Using a stress accumulation effect in form of a monotone increasing function may be non-physical (D and H in equations (4) and (6), respectively). Accounting for the stress effects on membrane permeability of the platelet (possible partial activation) should also be considered, but such effects are transient and at least partially reversible10. Lastly, the accumulated stress should consider the stress in a “time-weight” form, such that the effect of “old” stress would diminish with time. The time-scale for the stress accumulation should then be related to the restitution time of the membrane permeability.

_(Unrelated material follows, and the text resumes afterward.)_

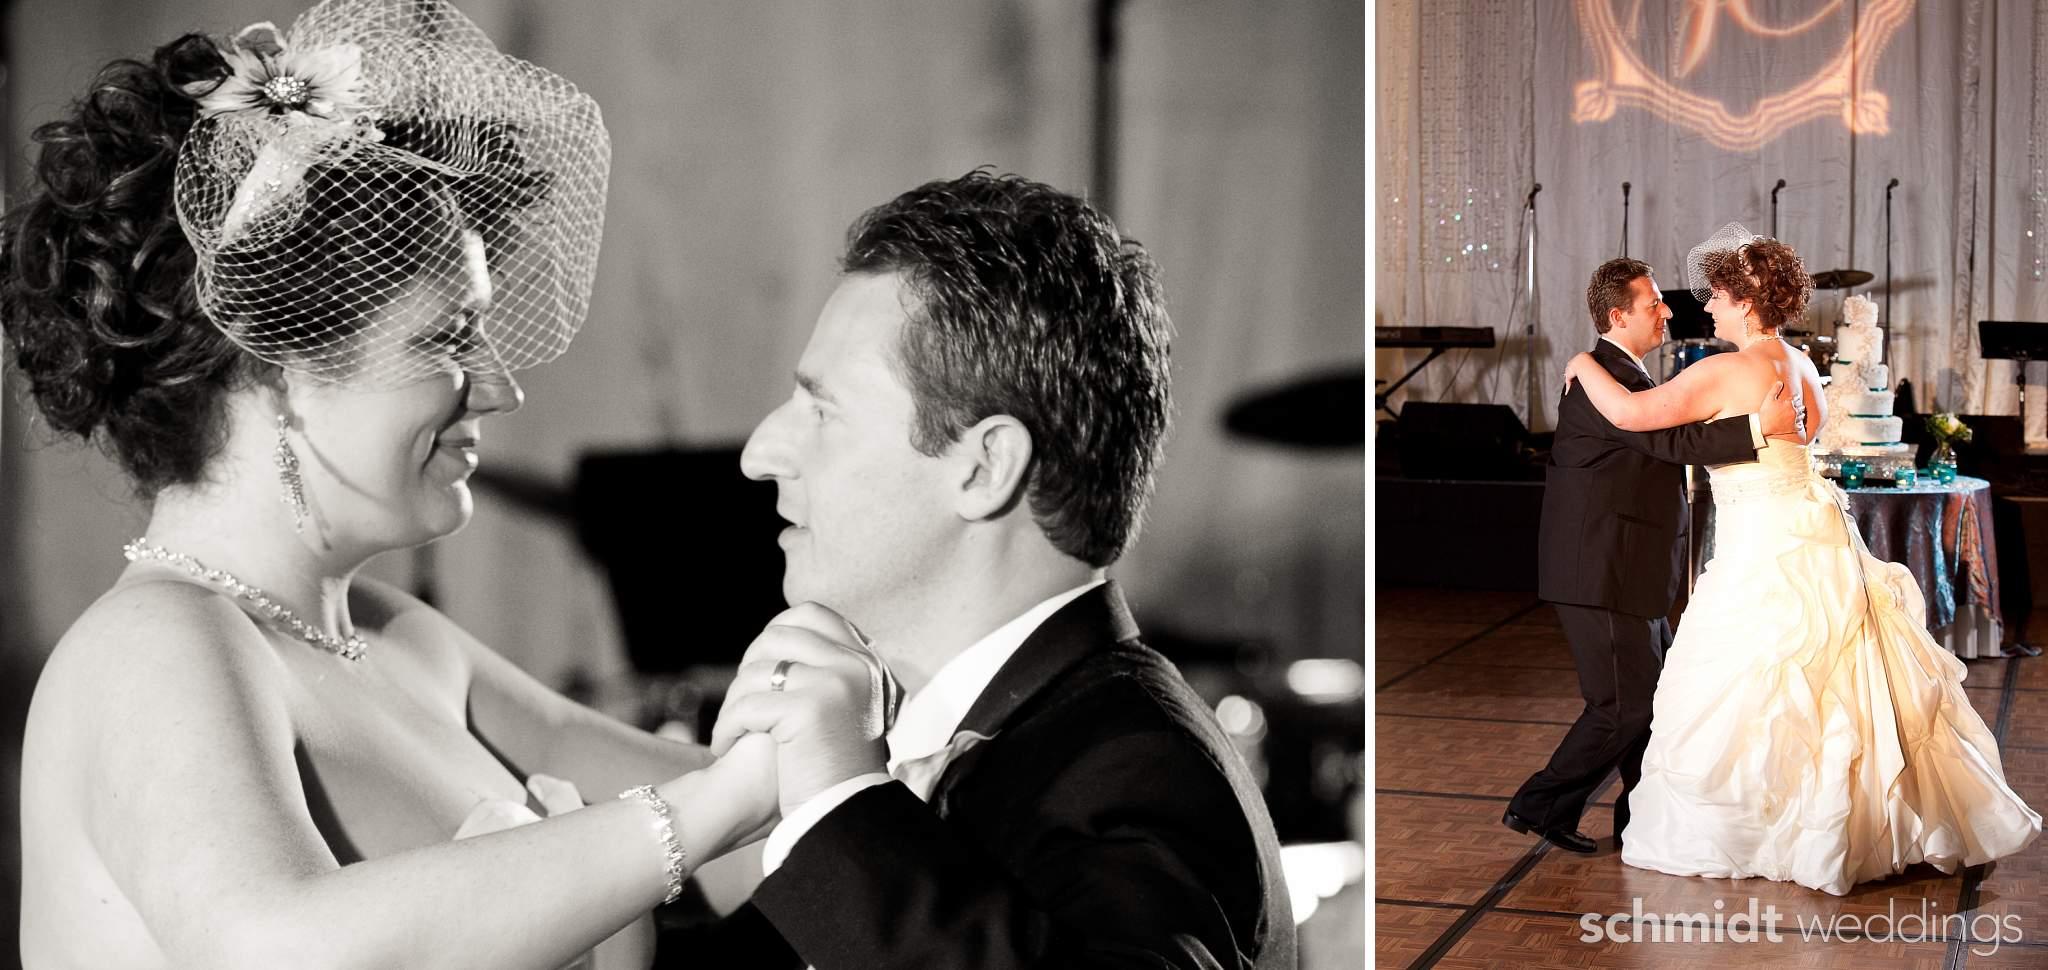 First Dance wedding reception with fun innovative decorating ideas artistic photos tom schmidt

In spite of the shortcomings found, the models discussed here do give a rough qualitative indication to the locations corresponding to sites where thrombi are observed in clinic11. The sensitivity of the models indicate the extent of acceptable deviation from model calibrating conditions. Hence, despite the strong model sensitivity, the phenomenological models investigated are important to obtain an indicative and qualitative understanding of the thromboembolic behavior of blood carrying devices. The results presented and the conclusions drawn for PAS based models are applicable also to other power law models, and in particular to frequently used models for predicting hemolysis. The strong sensitivity of models of hemolysis was discussed by Yu et al.24 The paper of Yu et al. showed that Hemolysis Index was found to vary by several orders of magnitudes among the different models (and experimental data) investigated. Model improvements could make the models to become a quantitative tool that would help in designing future devices.